His professional duties at William Paterson led him to advise the students’ concert committee. Starting in 1980, he also produced and hosted a local television program called “High School Bowl,” which involved a tournament among high school students at 40 different schools to bring back the most money in sponsored scholarships to their districts.

“I had the opportunity to host that the first two years and be the producer of it,” Dickerson said. “I found it was very restrictive, but at the same time, it rekindled my interestin radio. So I put together a demo tape and in 1980 I got hired.”

Dickerson became the part-time voice for four radio shows in Morristown, Pompton Lakes, Randolph and Newton, New Jersey and worked at times alongside longtime nighttime New York radio personality Bruce Morrow, better known as “Cousin Brucie.”

Open Mic Time

Fullerton lured him away to the job he held until his retirement. The only thing missing from those years for him was having his own radio show.

“The part I love is being on the air,” Dickerson said. “I truly enjoy communicating with the audience, with trying to present interesting material. A combination of good music but also with enough background and supplemental information that listeners will find that it’s not the type of thing they can get any more on most radio stations.”

What Dickerson doesn’t love in the radio field, and is working to address, is the business end of things. He wants to hire more sales people so he can really live part of the year in California rather than the temporary arrangement of visiting the state occasionally while he and the staff keep 106.3 WNBZ going.

“The obvious question is, ‘Is this a lifelong dream, to own and operate your own radio station?’” Dickerson said. “I’d have to say, ‘No, not really.’ Because, let me be very clear, it’s a business. Like any other, so there’s expenses that have to be met.”

This summer, Dickerson will buy Nielsen ratings data to learn how many listeners the station has attracted since it went on the air in the new classic hits with DJ commentary format more than a year ago. The station previously ran rock and roll classics on computerized autopilot, without a DJ.

“When I have a person on the phone, I tell them to have all their friends listen to 106.3 WNBZ, for that better variety of music that you love,” Dickerson said. “People 9 out of 10 times the next words out of their mouth are ‘oh, we love your station.’ That’s encouraging and that’s what we want. We’re trying to get everyone listening to our station.”

While attending his recent 50th reunion at Alumni Reunion 2019, Dickerson gave remarks at the Class of 1969 Dinner and the Musical Legacy Commemorative Project: 1960-1990 Sculpture Unveiling.

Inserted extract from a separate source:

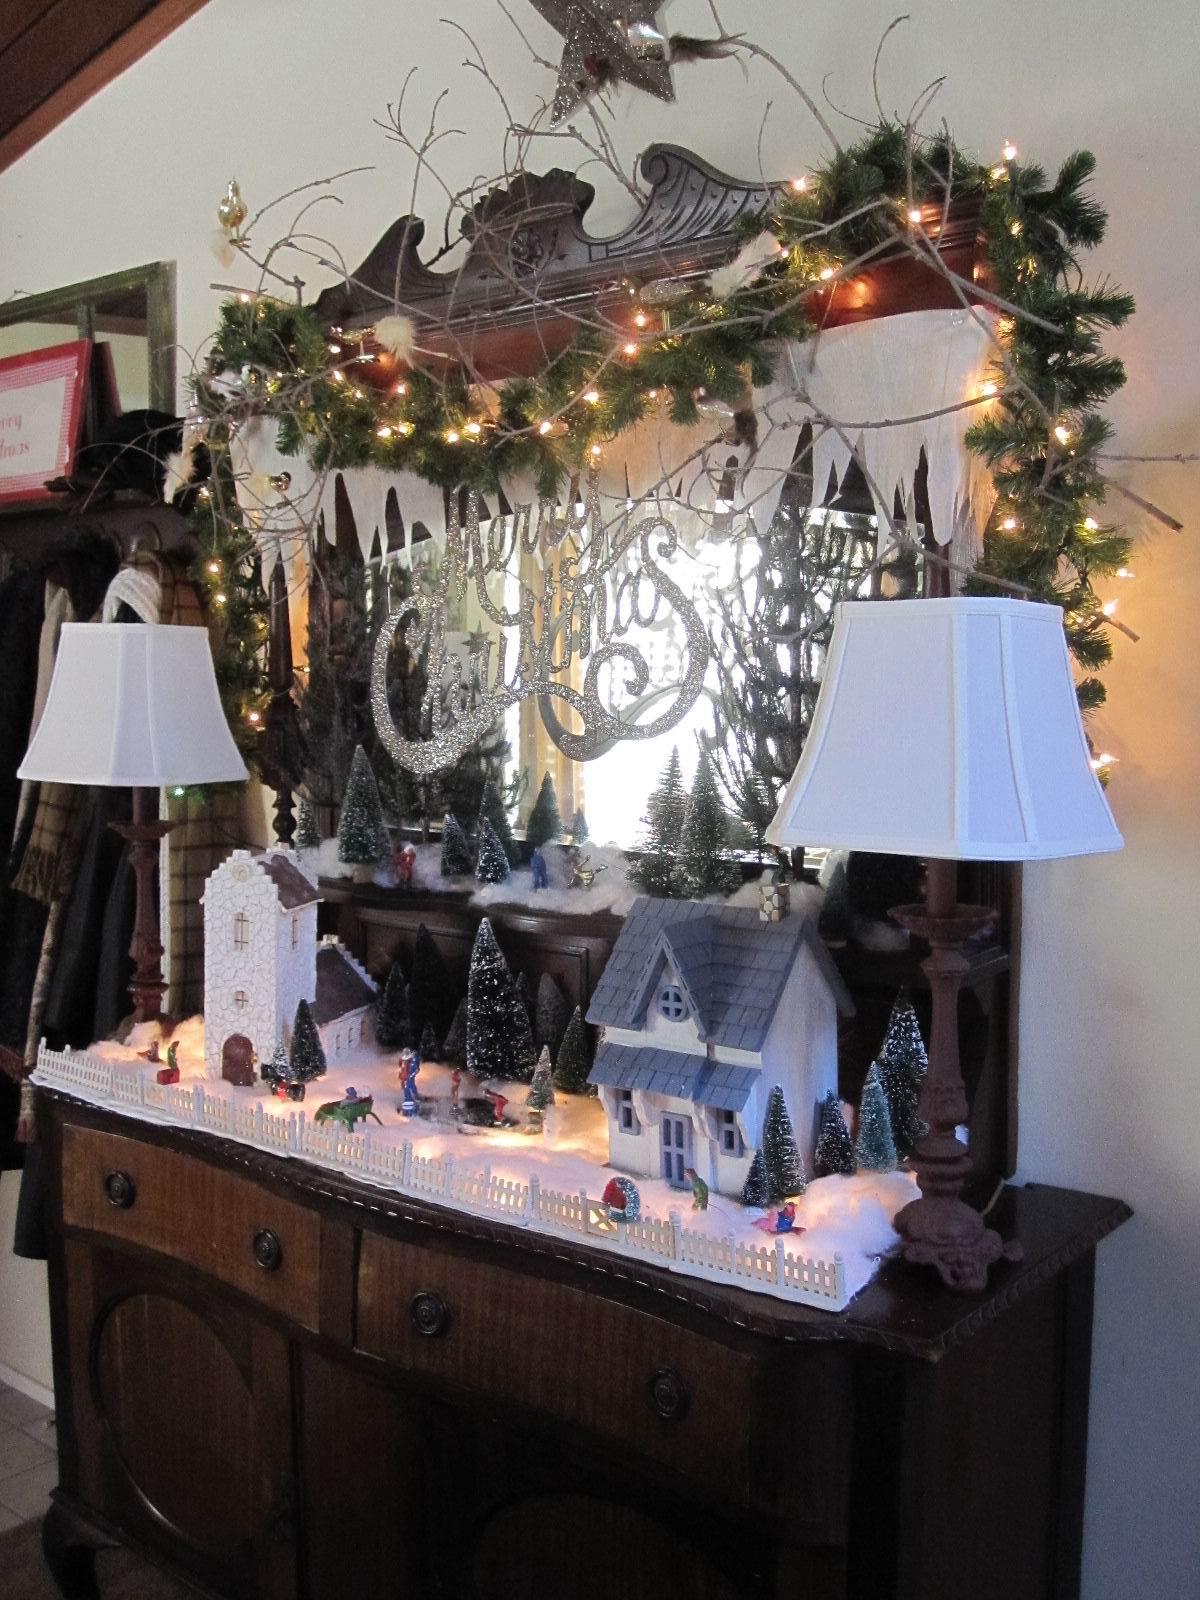 Merry Little Christmas 2011.Little Pink Houses Merry Little Christmas

A longtime Cortland College Foundation board member, the North Country’s new radio personality left the board as his new venture took up more and more of his time. The College remains dear to him, however.

“The reason for that is very simply, I credit Cortland with any degree of success I might have ever attained since then, because of those opportunities for student leadership as an undergraduate,” Dickerson said.